*Extracted material:*
•••

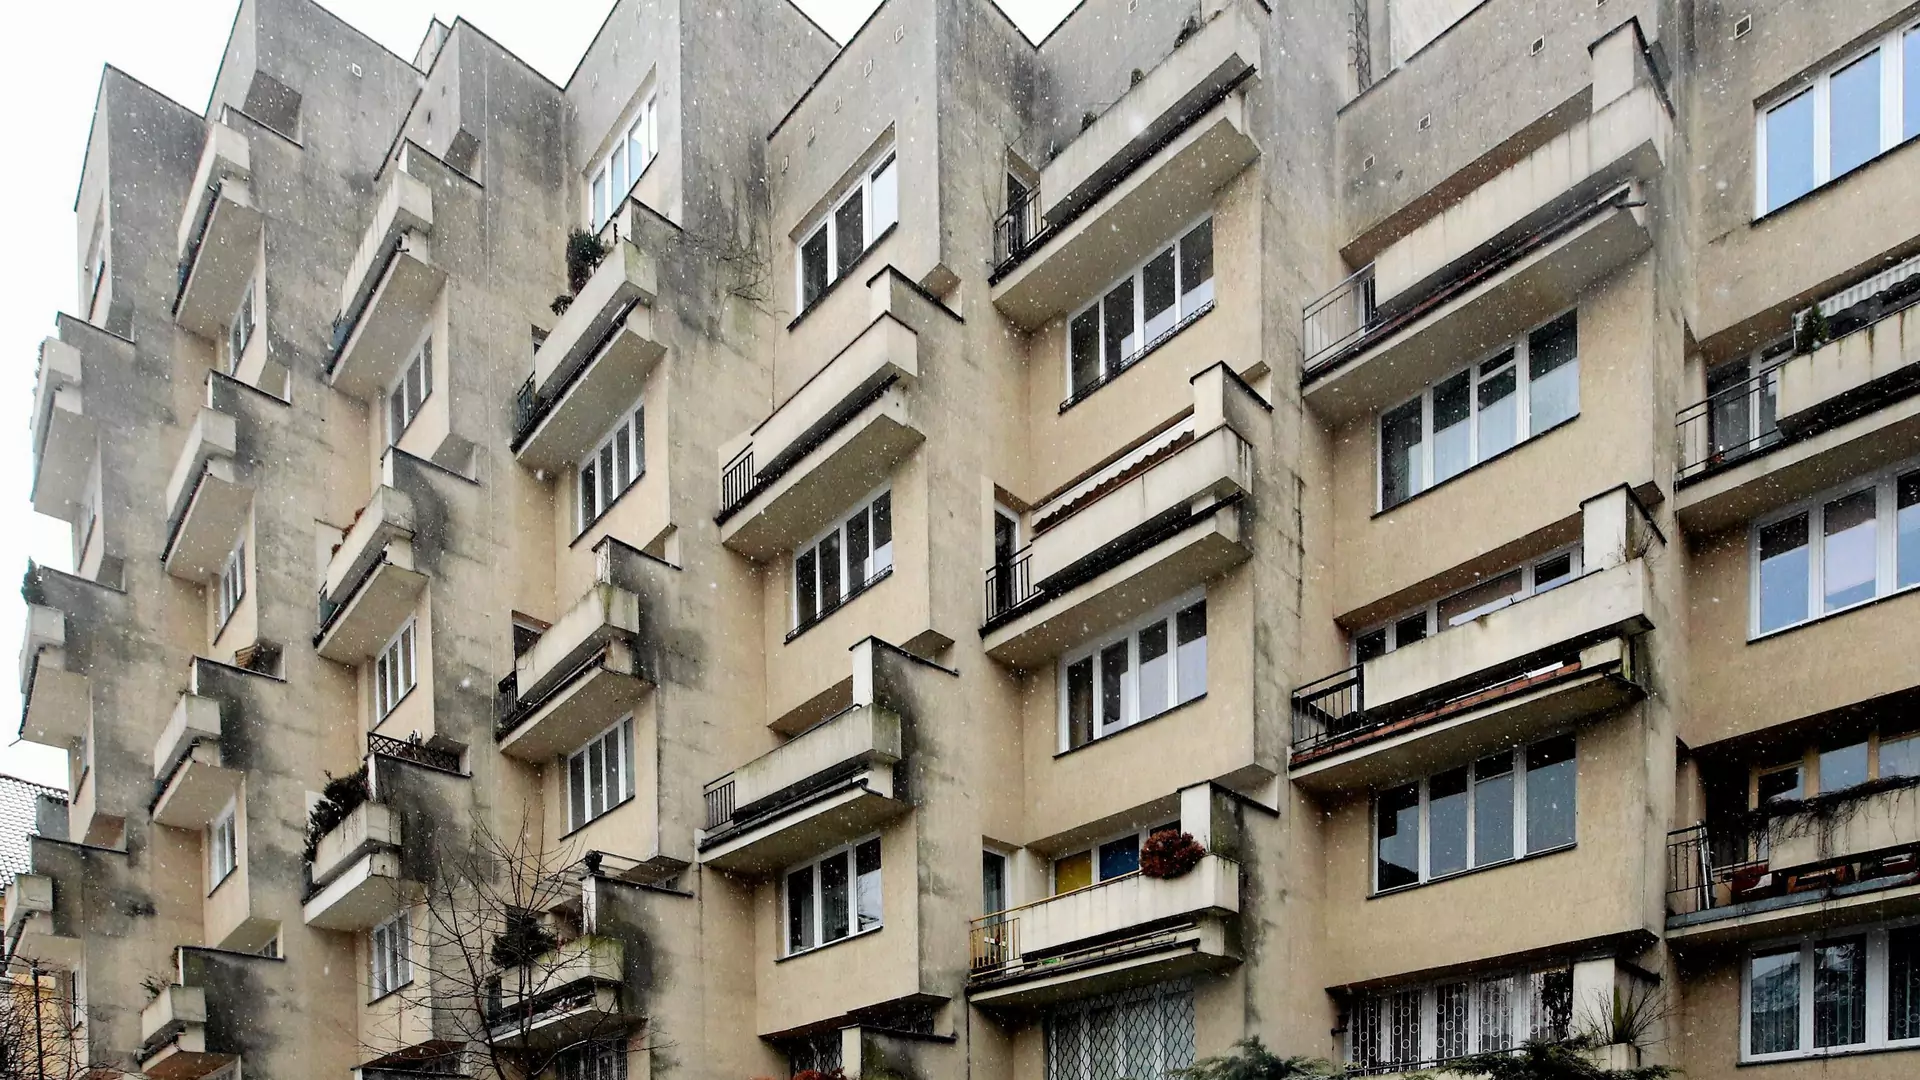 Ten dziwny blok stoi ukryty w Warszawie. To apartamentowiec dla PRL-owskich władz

•••

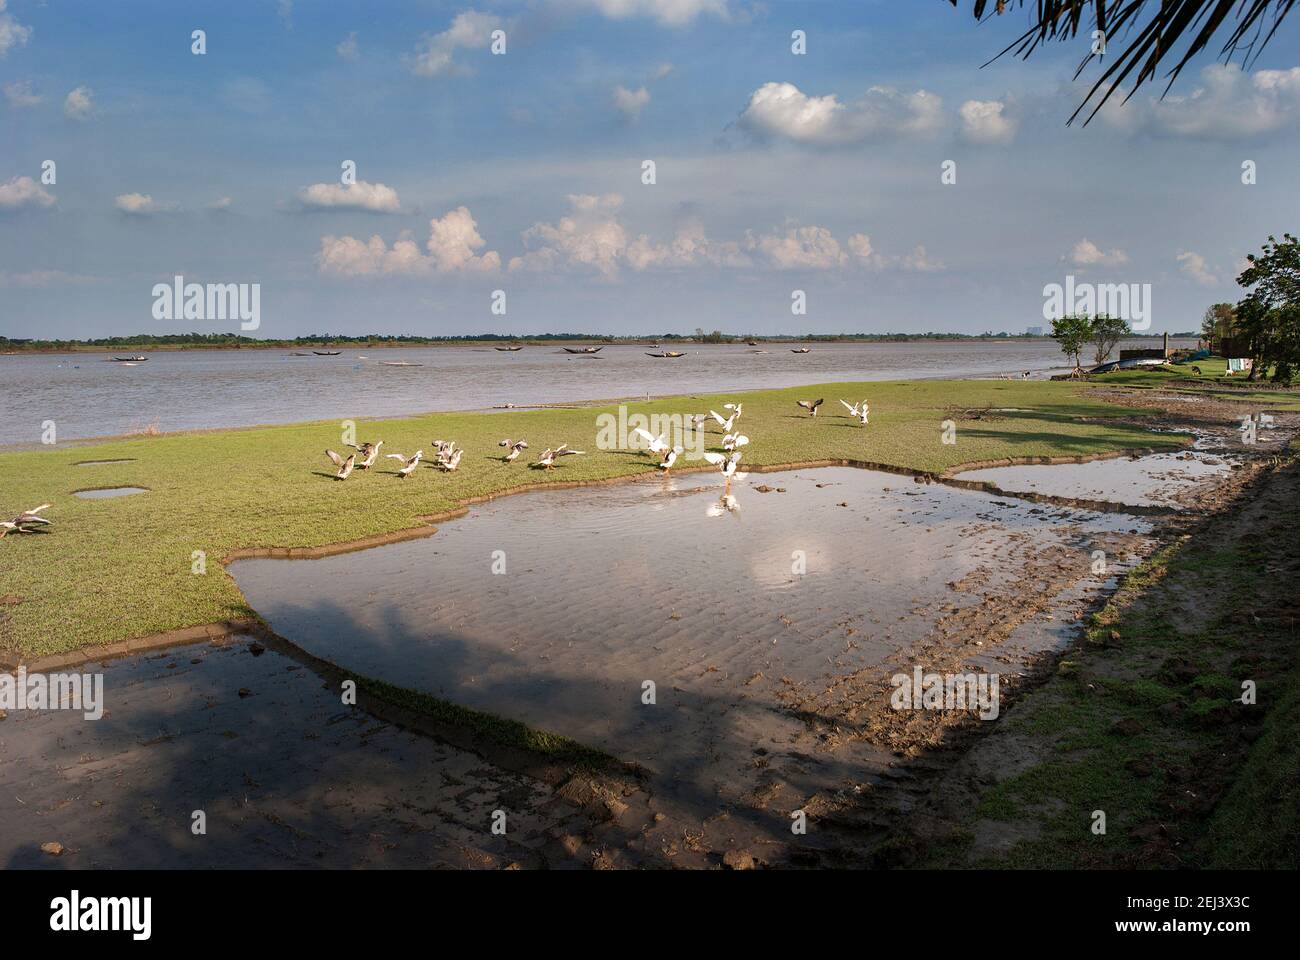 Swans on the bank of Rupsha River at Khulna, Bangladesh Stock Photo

•••

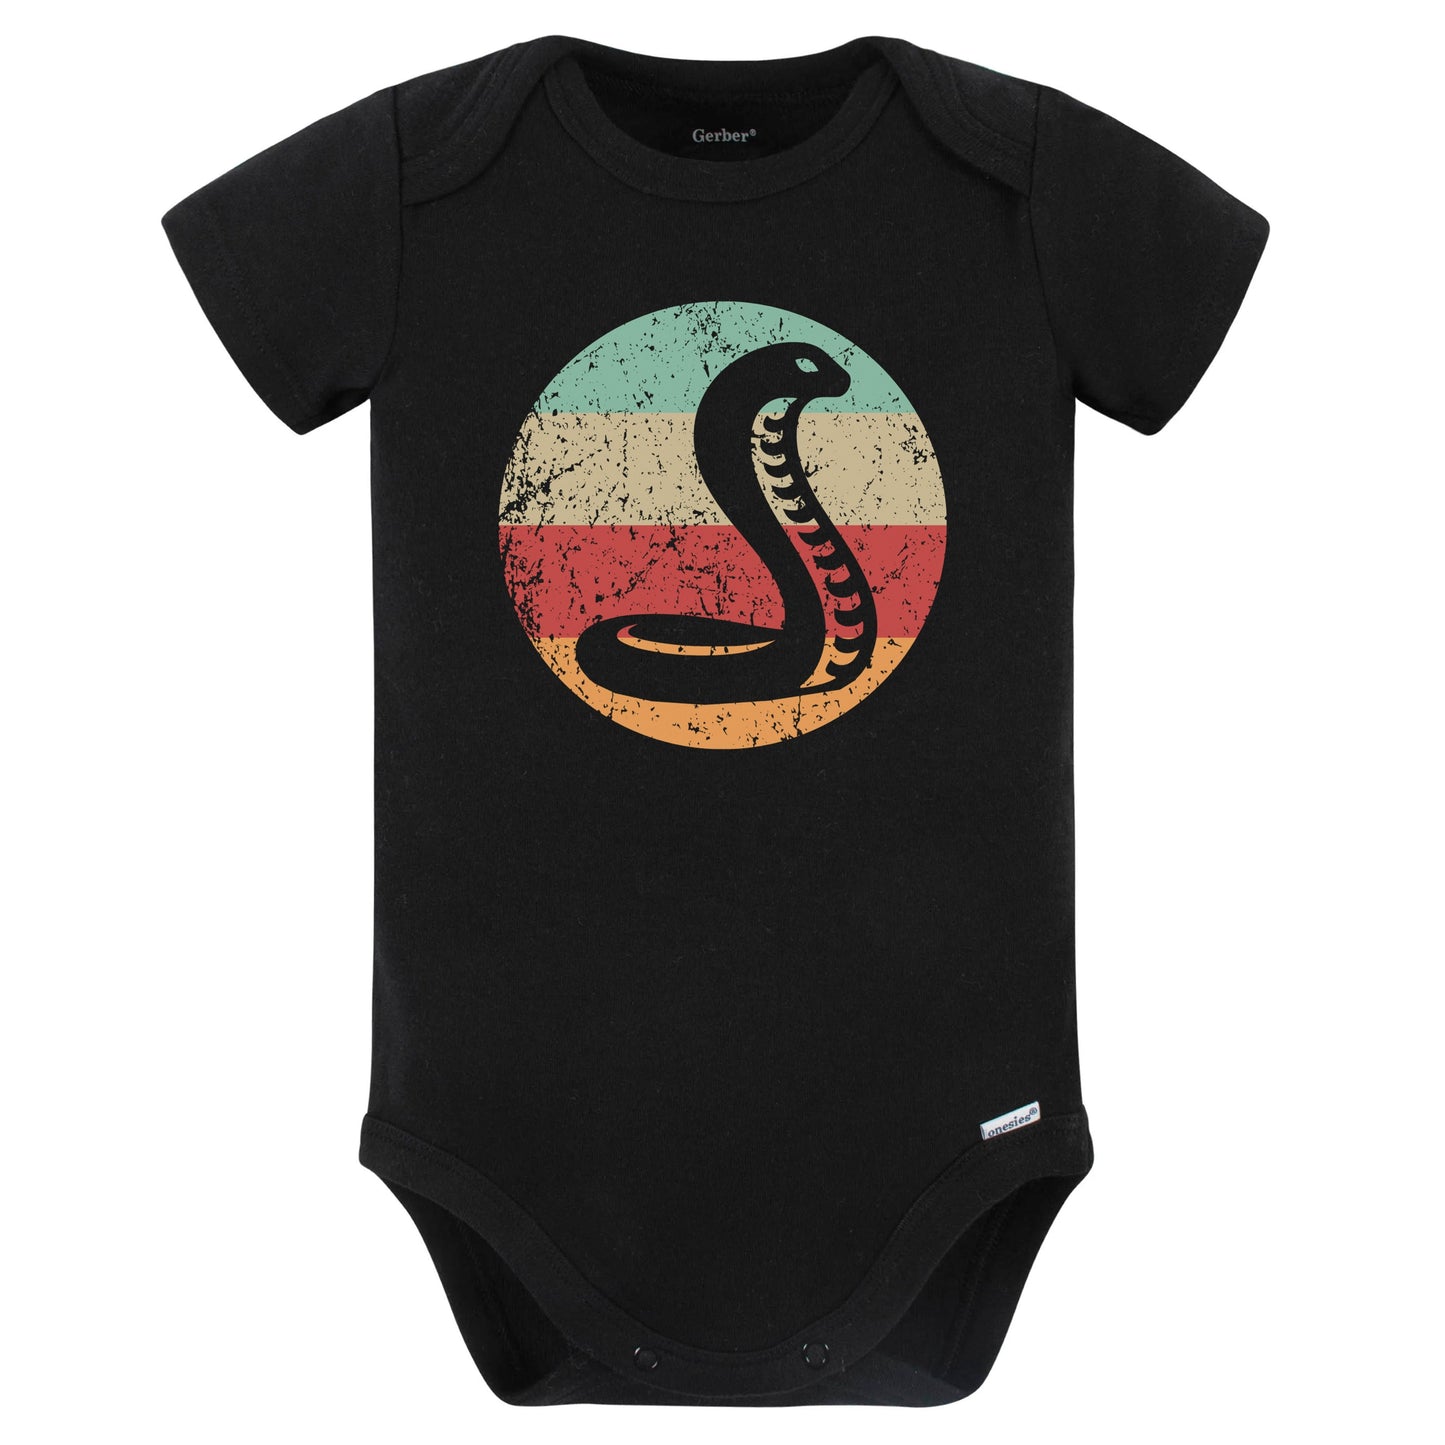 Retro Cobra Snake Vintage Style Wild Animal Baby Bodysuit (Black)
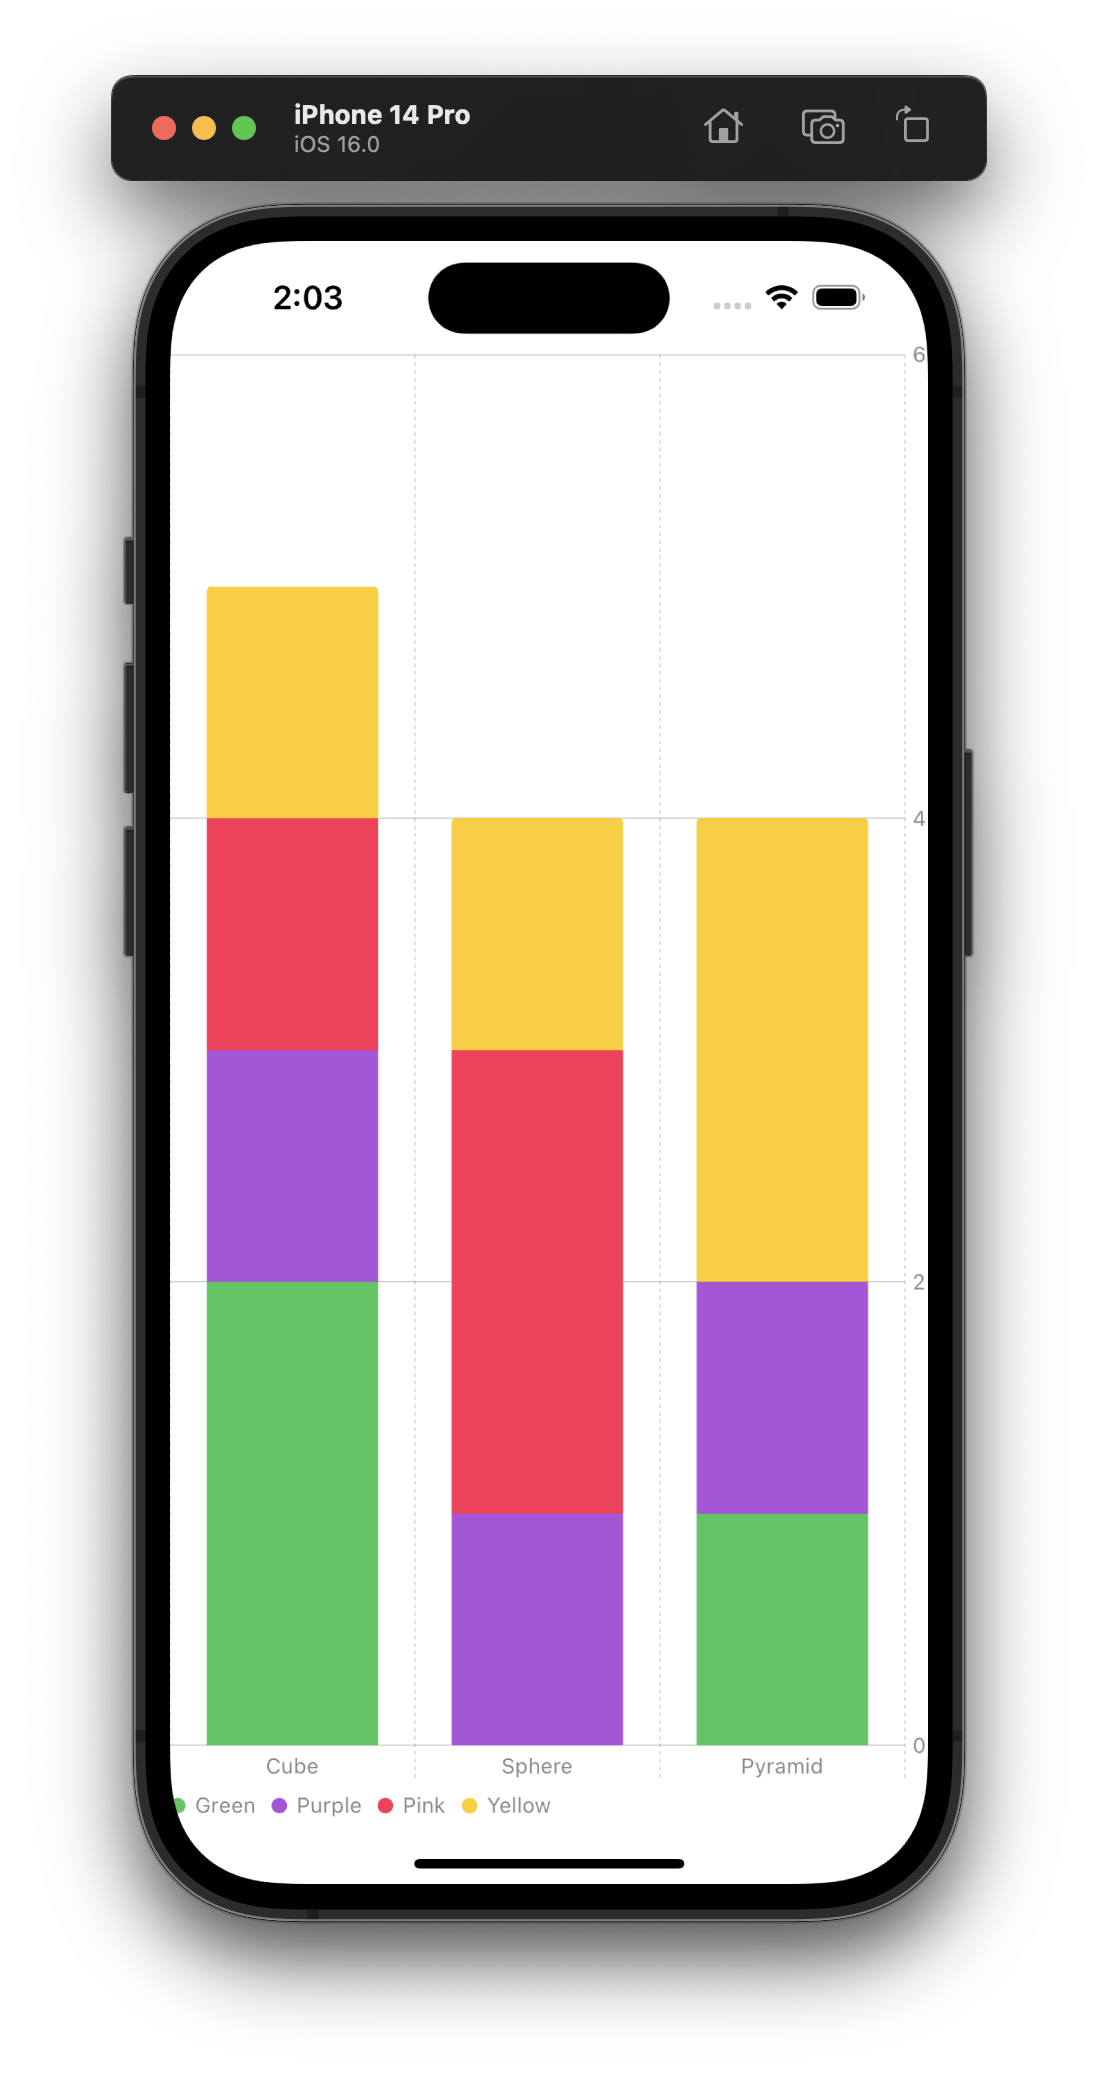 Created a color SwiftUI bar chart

•••

*Problem:*
Everything above from the line with "Retro Cobra Snake" through the line with "Created a color SwiftUI bar chart" should be retyped exactly, and nothing else; omit pictures.

*Final answer:*
 Retro Cobra Snake Vintage Style Wild Animal Baby Bodysuit (Black)
 Created a color SwiftUI bar chart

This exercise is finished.